ランニングは20分しないと意味ないは嘘!短時間でも脂肪燃焼の理由を解説

【こんな悩みを解決!!】

1.ランニングは20分以上しないと脂肪燃焼効果がないの?

2.効率よく脂肪燃焼するランニング方法を教えて欲しい

「ランニングを始めて20分経たないと脂肪が燃えない」「短時間のランニングでは脂肪は燃えない」そんな話を聞いたことはありませんか?メディアやSNSなどの情報では20分以内のランニングは意味が無い!という情報も目にします。

ランニングで脂肪燃焼するには20分以上走らないといけない…と考えると初心者さんでは中々ハードルが高いですし、継続するのも大変ですよね💦

20分以下のランニングが全くの無駄だと思い込んで諦めてしまうのは、非常にもったいない!!

この記事では理学療法士×ランナーとして、「ランニングは20分しないと意味ない!」は嘘であることをお伝えしていきます。「なぜ20分と言われているのか?」その意味を解説していきます。

効率よく脂肪を燃焼したい人はぜひ参考にしてみて下さい。

なぜランニングを20分しないと脂肪燃焼効果が無いと言われているのか?

脂肪燃焼のメカニズム

筋肉に血中の脂肪酸と酸素が行き渡ることで脂肪は消費する

運動による脂肪燃焼は、脂肪が脂肪酸として血中に溶け込んで酸素と共に筋肉に届き、筋肉が脂肪酸と酸素をエネルギーに変換することで消費します。これは運動の始めから発生するメカニズムであり、運動開始20分後からというわけではありません。

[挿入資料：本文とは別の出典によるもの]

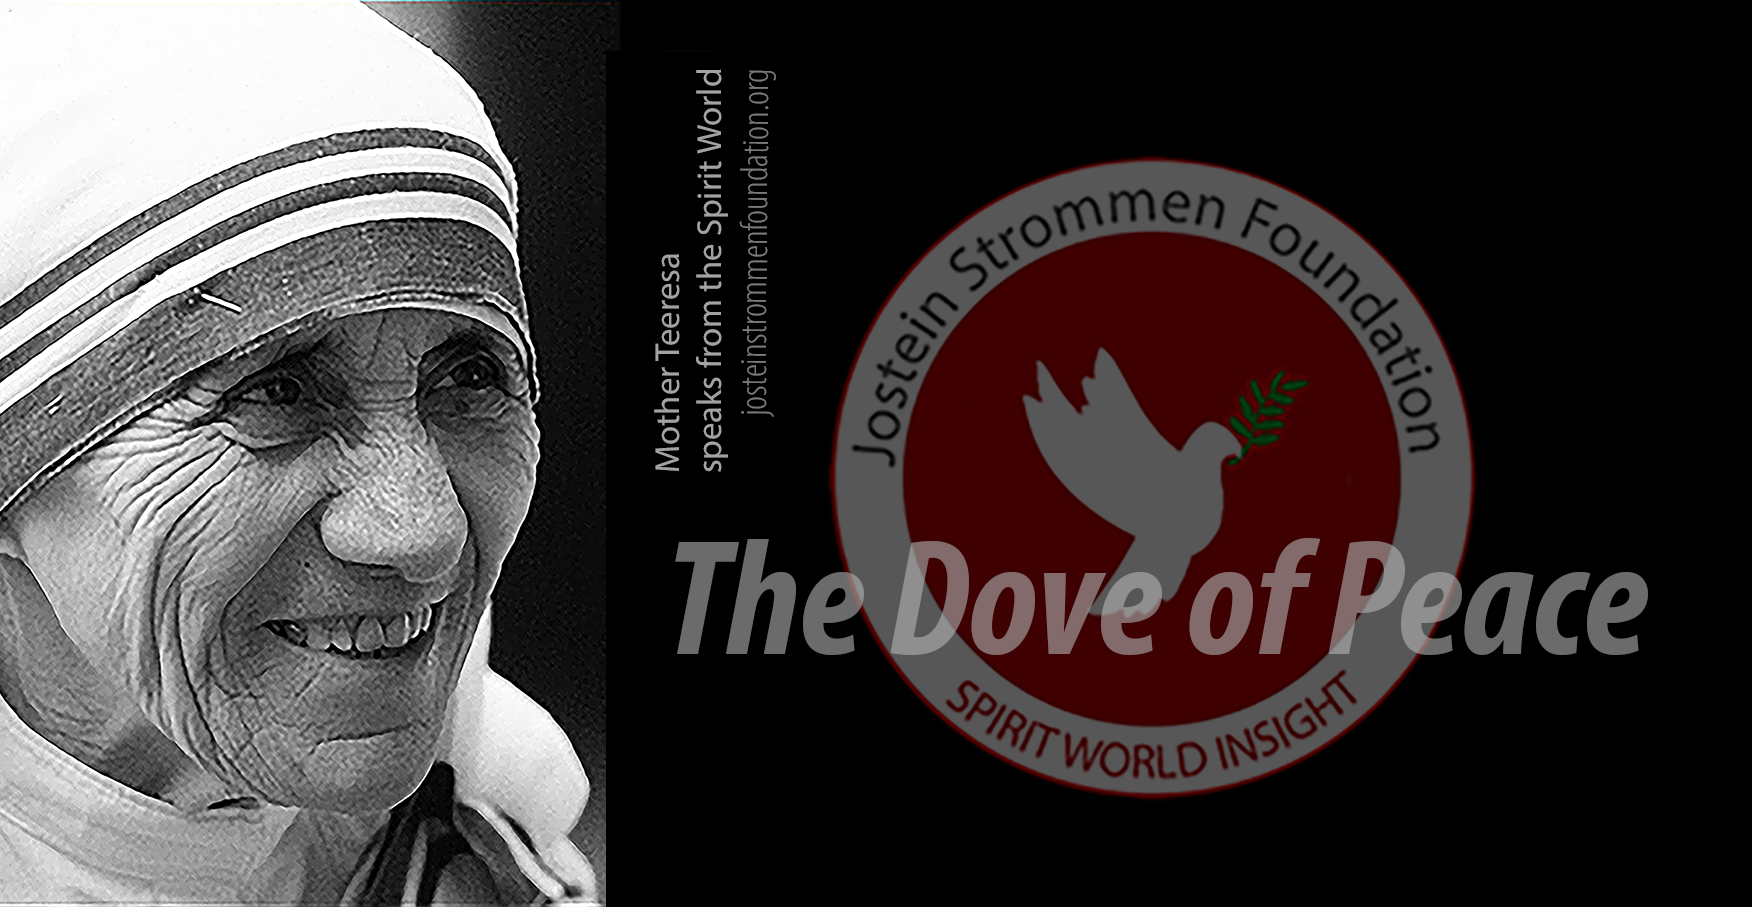 Mother Teresa - The Dove of Peace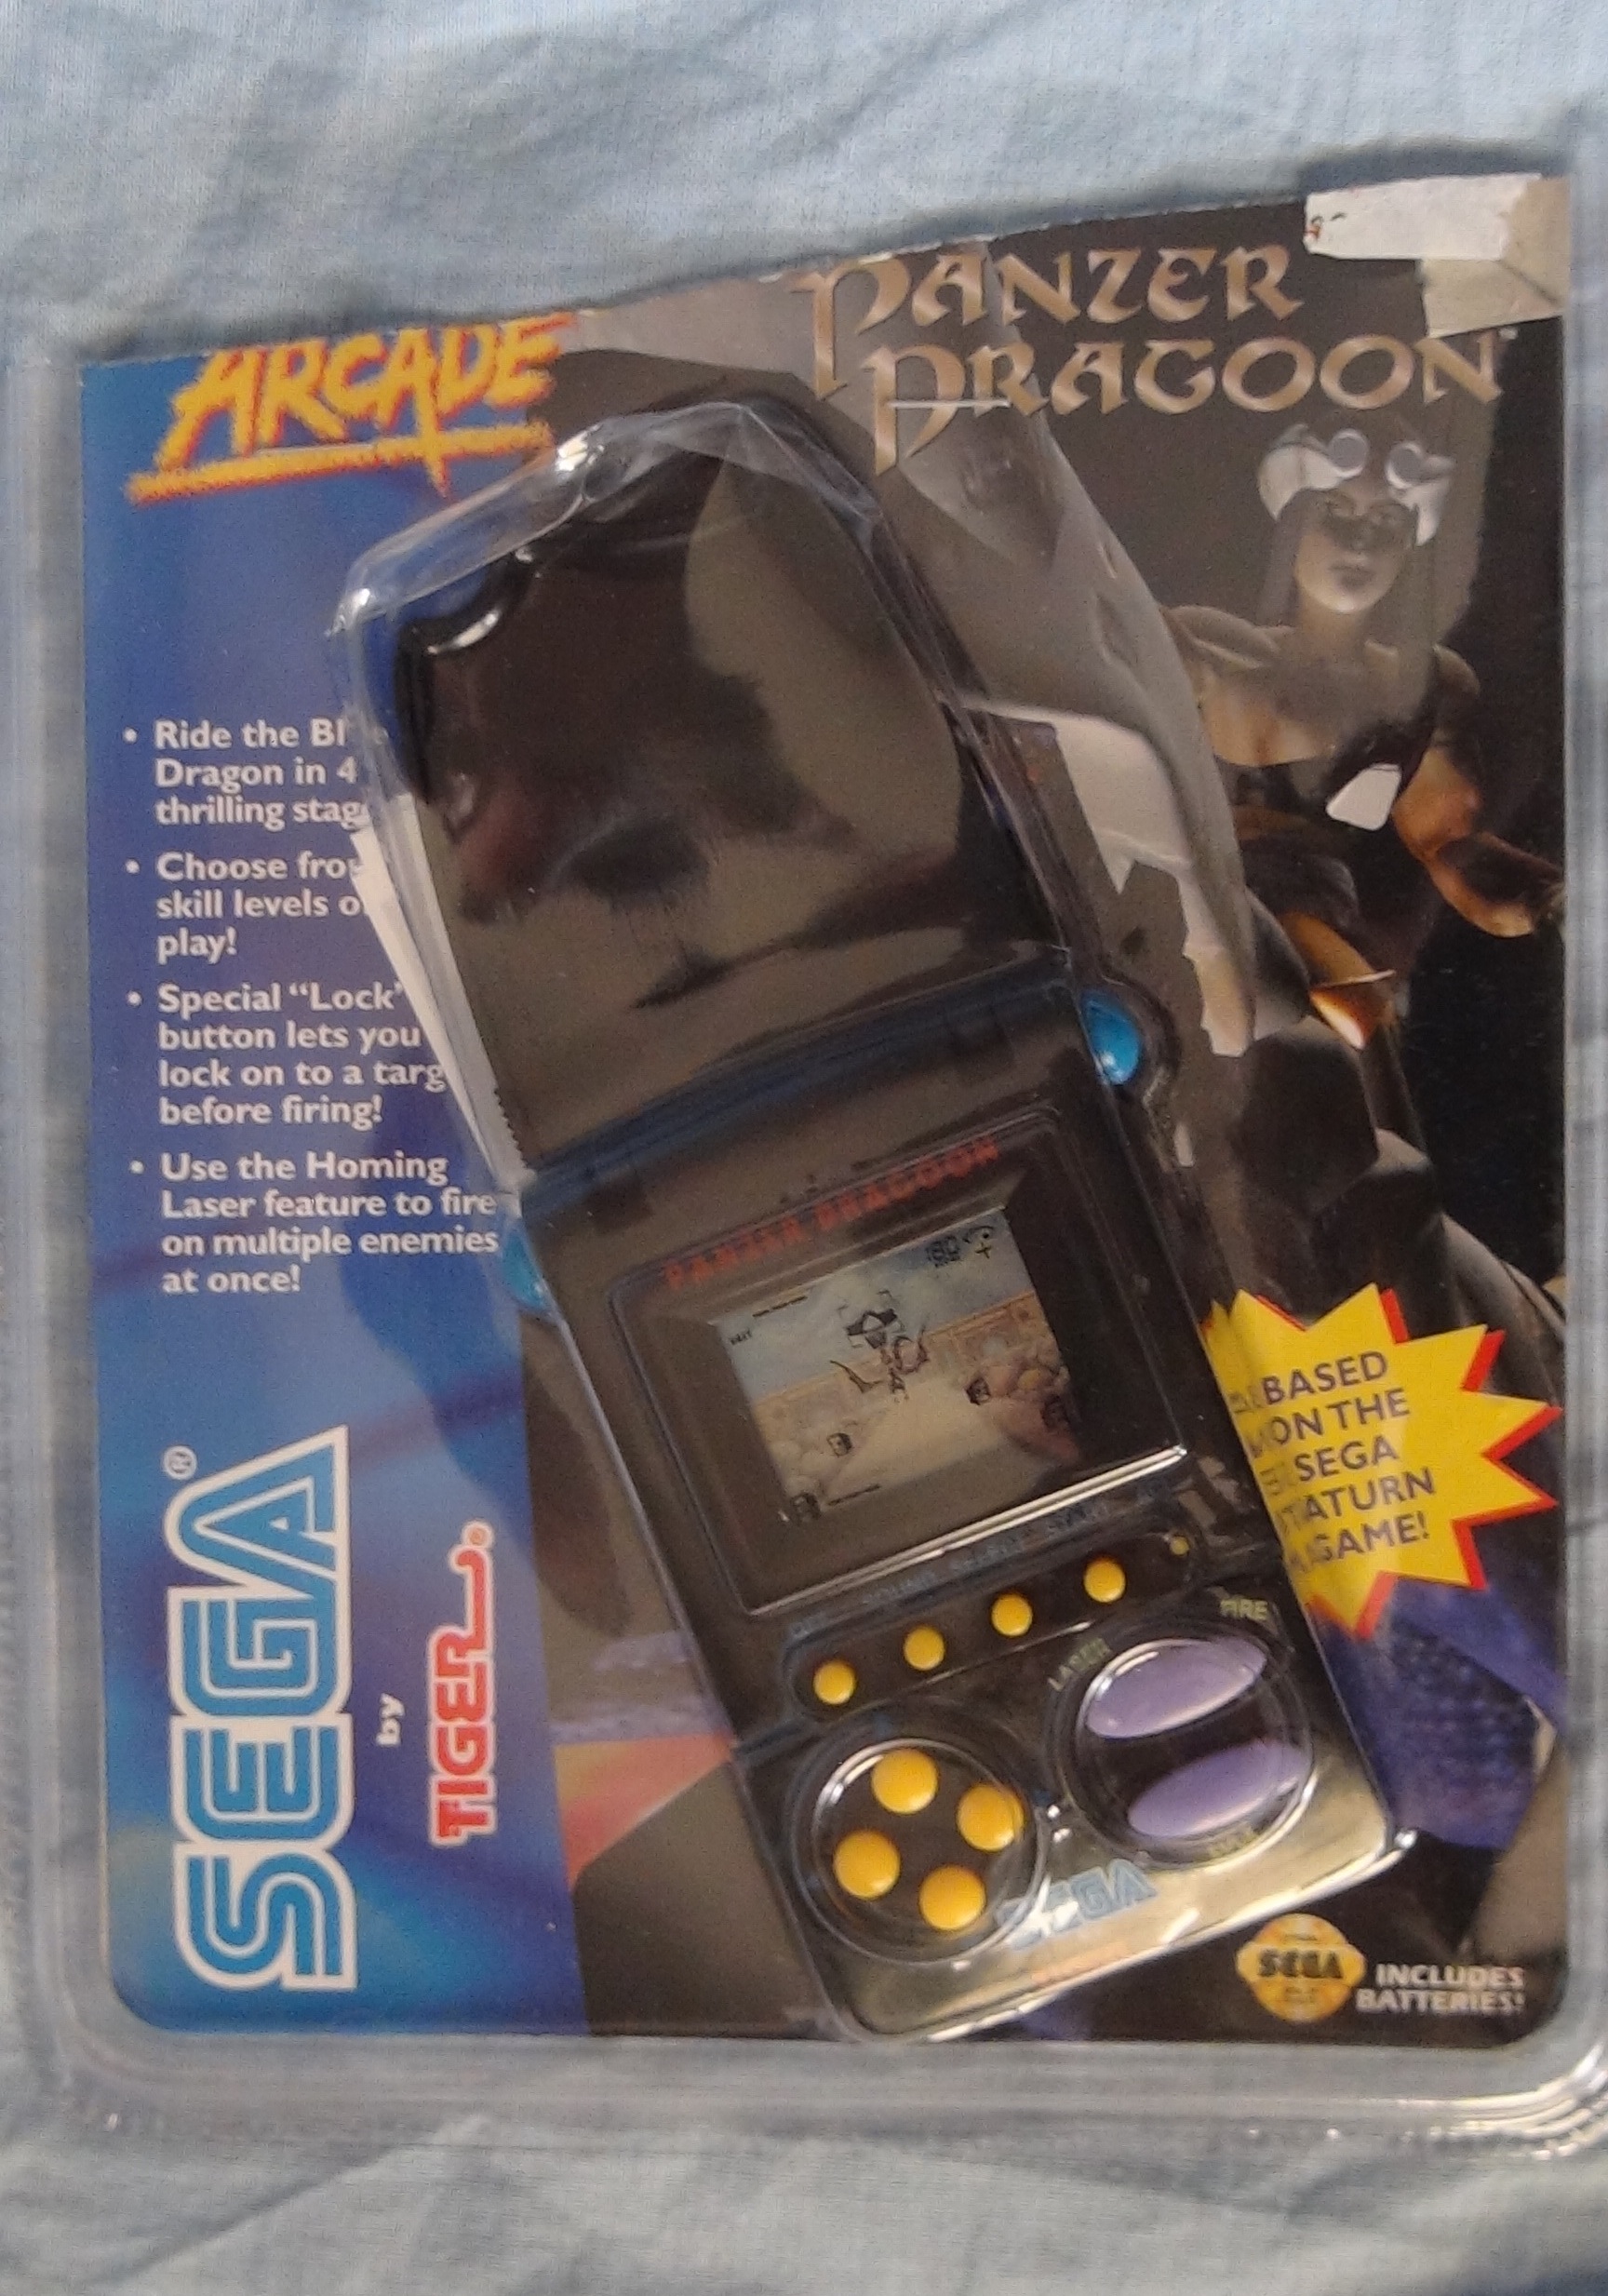 Panzer Dragoon (Tiger Electronics) Product Pictures

そのため、20分以内という短時間のランニングでも脂肪燃焼の効果はあります!!

20分以上走らないと意味が無いと思い込んでいると非常にもったいないので、ぜひ5分や10分という短時間でいいので走ってみましょう!

走り始めは糖質の消費の割合が大きい

脂肪を消費するには溶けだした脂肪酸と酸素が筋肉に届く必要があります。走り始めは筋温も十分でなく、血液循環も乏しい状態。そのため脂肪酸と酸素が十分に筋肉に届かず、消費した分のエネルギー生成は筋肉に蓄えられた糖質で補います。

もちろん脂肪酸と酸素も筋肉に届いているため、少なからず脂肪も消費しますが血液循環が十分になるまでは割合は低い状態です。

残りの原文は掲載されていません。